American Airlines, which temporarily cut flights from its daily schedule last week to save fuel, may ground those planes even longer and try harder to pass the rising cost of jet fuel on to consumers, Chief Executive Gerard Arpey said Thursday.
American's parent company, AMR Corp., expects to spend $5.75 billion on fuel this year _ a 45 percent increase on top of last year's 43 percent jump.
Arpey also praised a Senate bill that would give American and other airlines more time to make payments to their pension plans. He also struck a no-compromise stance on a 1979 law limiting long flights at Dallas Love Field.
Arpey made the comments to reporters after addressing a business group at an airport hotel near American's Fort Worth headquarters.
American and sister carrier American Eagle spent nearly $4 billion on fuel last year and expect to spend $5.75 billion this year. Fuel has jumped from 12.3 percent of American's operating expenses in 2002 to 21.1 percent in 2004 and will be even a larger chunk this year.
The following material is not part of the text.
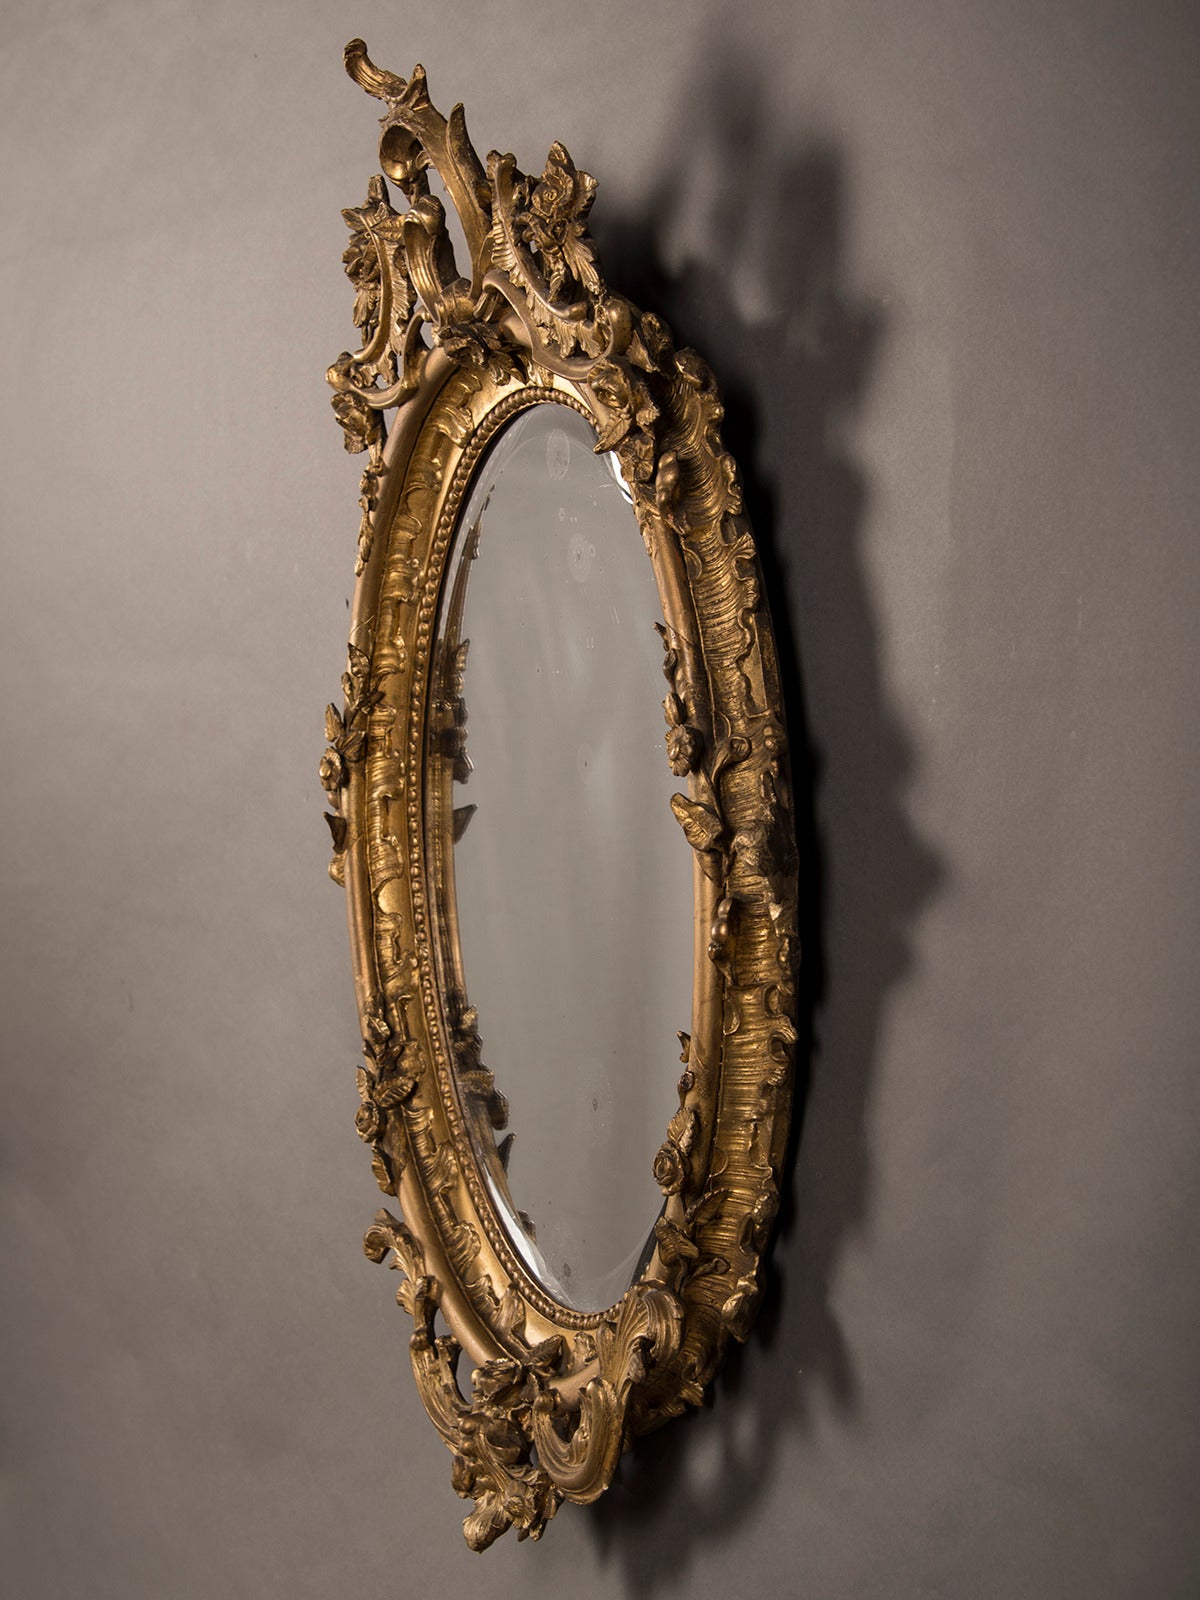 Gilt Gilded Oval Mirror from Belle Epoque Period France circa 1890 (32

Despite the added cost, AMR turned a narrow profit in the second quarter, but analysts surveyed by Thomson Financial expect the company to lose about $570 million for the year.
The price of oil fell Thursday for the fifth consecutive day to a 2-month low, and that helped airline stocks. Shares of AMR rose 85 cents or 7.4 percent, to close at $12.41 on the New York Stock Exchange.
On Sept. 30, American cited high fuel costs in announcing it was temporarily cutting 15 flights through Oct. 29 at its two biggest hubs, DFW and Chicago's O'Hare International Airport. American operates about 1,900 daily flights.
Arpey warned, however, that the flight cuts could be extended into November and December. "We'll have to see what the price of oil does," he said.
While the price of oil remained above $60 a barrel, airlines have paid even a steeper price because the spread between the price of oil and the cost of jet fuel has expanded to record levels. Arpey said American was paying the equivalent of $130 per barrel for jet fuel this week.
"We are going to have to, as an industry, figure out how to take that commodity cost and pass it on to our customers, which we've been unable to do thus far," he said.
The nation's carriers have raised fares several times this year and added fuel surcharges for passengers and cargo shipments. Arpey said the increases haven't offset the run-up in fuel costs.
"Just to cover the increase in fuel costs between 2003 and 2005, American would have had to raise fares nearly $75 per roundtrip ticket," he said. "Unfortunately, during this time period our average fare increased only $15."
Arpey repeated earlier calls for the government to cut fees and taxes levied on airlines, although some of those fees are added directly to travelers' fares.
He said he was pleased that key senators have agreed to add American and Houston-based Continental Airlines Inc. to a bill that would give Delta Air Lines Inc. and Northwest Airlines Corp. 14 years to make pension payments due over the next few years.
Delta and Northwest filed for bankruptcy protection on Sept. 14, but American and Continental objected that it would be unfair to grant pension relief only to bankrupt carriers.